I look forward to hearing your stories and telling you my lies!

Chris


----------



## dsm16428 (Feb 19, 2009)

Ok. Who wants to be the guinea pig on this one? :-?


----------



## Bajachris (Apr 9, 2012)

No bad intentions.

I hope I didn't break any forum rules, I just thought you guys would get a kick out of the link.

I guess I don't blame you for being suspisious as I am new and this is my first post.

My appologies if I did something wrong.


----------



## wurgs (Mar 3, 2008)

Wow. I've never even seen pictures of most of them before.
6 right, mostly guessing


----------



## Bajachris (Apr 9, 2012)

I know! I've been hunting and fishing and watching TV for 40 years and somehow I missed several of those animals.

There's a couple that look taste and a couple damn ugly ones too!

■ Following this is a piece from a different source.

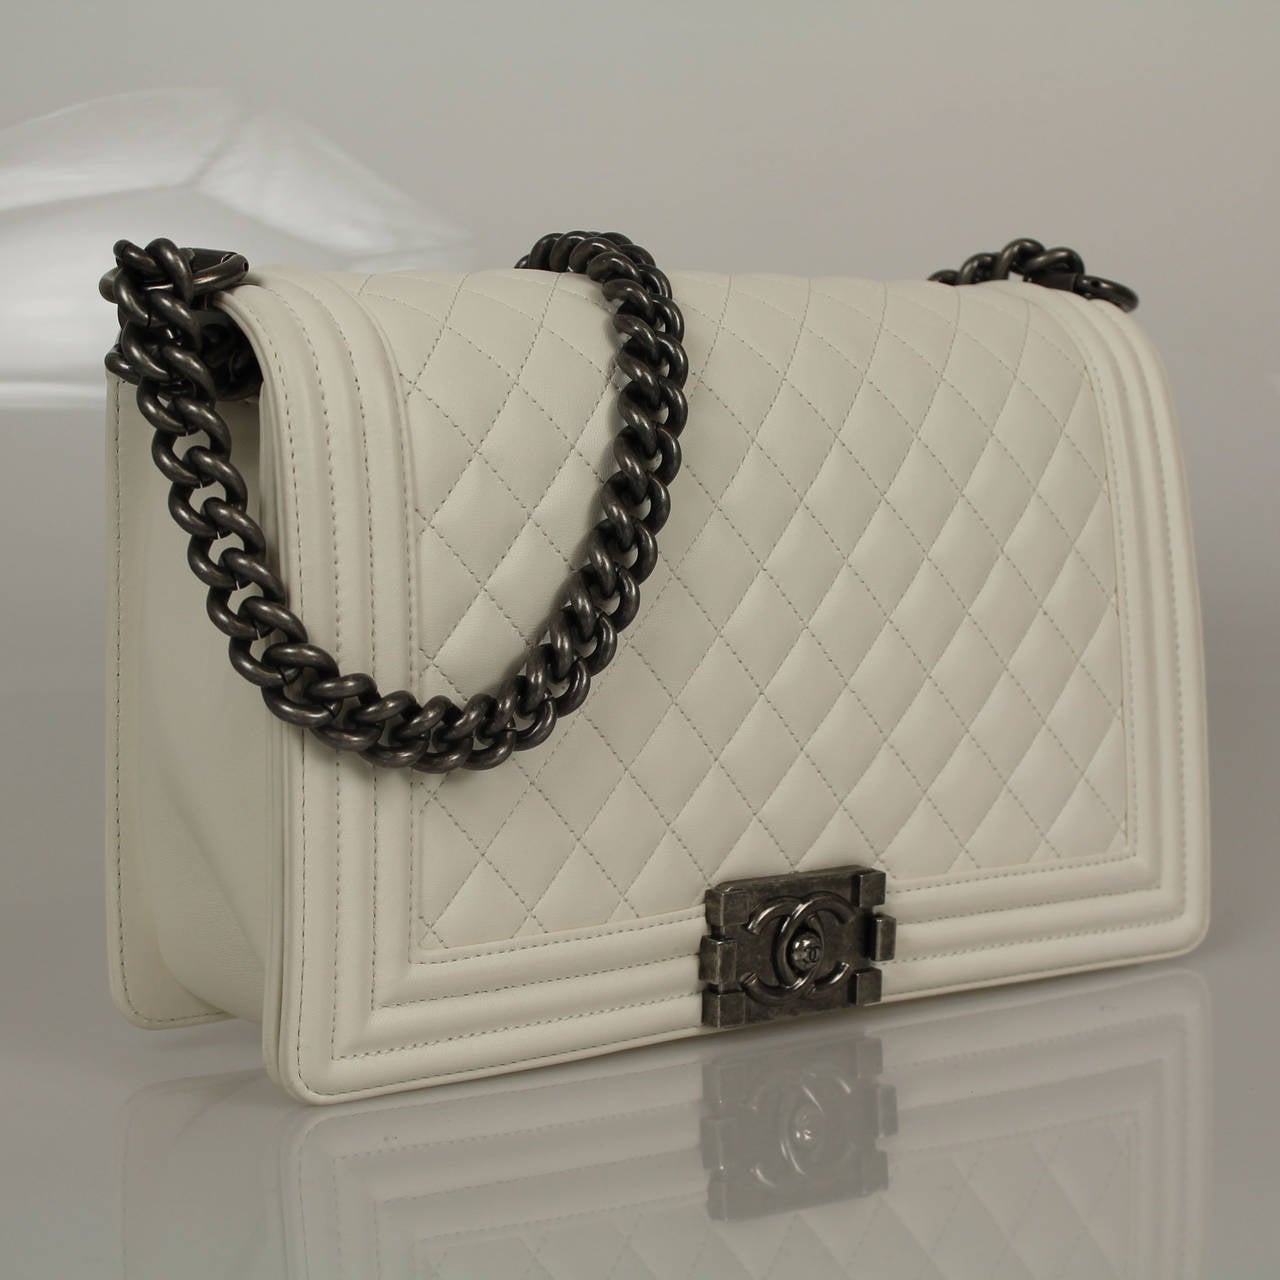 Medium Boy in a exquisite white calfskin with silver metal. The bag is of quilted leather trimmed in smooth leather with smooth leather sides and bottom; it has a full front flap with Boy Chanel signature CC push lock closure and silver chain link

Thanks for being the ginnypig.


----------



## drjongy (Oct 13, 2003)

Thanks to my kids watching "Go Diego Go" I knew some of these!


----------



## MSG Rude (Oct 6, 2003)

5 right. I suck. And wow, there are some nasty looking things our God has made huhh?

Wonder if they taste like chicken?


----------



## Plainsman (Jul 30, 2003)

Nine, and I guessed often. The only thing that ticked me is I tried to psych it out. I thought no they wouldn't put in a plain old muskrat it must be a nutria. Wrong.


----------



## knutson24 (Feb 16, 2009)

9 As well. Second guessed myself on a few. I used to read Ranger Rick as a kid so I recognized most of them just not the names. Welcome to the sight by the way.


----------



## Bajachris (Apr 9, 2012)

Thanks for the "welcome", I appreciate it.


----------



## duckmander (Aug 25, 2008)

Bajachris said:


> stories and telling you my lies!
> 
> Chris


I must be dumber then a case of smiling rocks.

only 2 right and I guessed at pretty much all of them. I have seen a few of them but have no clue what their called.

welcome chris. very tuff quiz. and to the quote above.

ALL FISHERMAN ARE LIARS EXCEPT FOR YOU AND ME.

AND SOMETIMES I WOUNDER ABOUT YOU.


----------



## dsm16428 (Feb 19, 2009)

Bajachris said:


> I know! I've been hunting and fishing and watching TV for 40 years and somehow I missed several of those animals.
> 
> There's a couple that look taste and a couple damn ugly ones too!
> 
> Thanks for being the ginnypig.


No sweat. Just a new poster with links has a tendency to get the small hairs on the backs of necks up you know? :beer: I'll have to try it out when I'm not on my work computer. :wink:


----------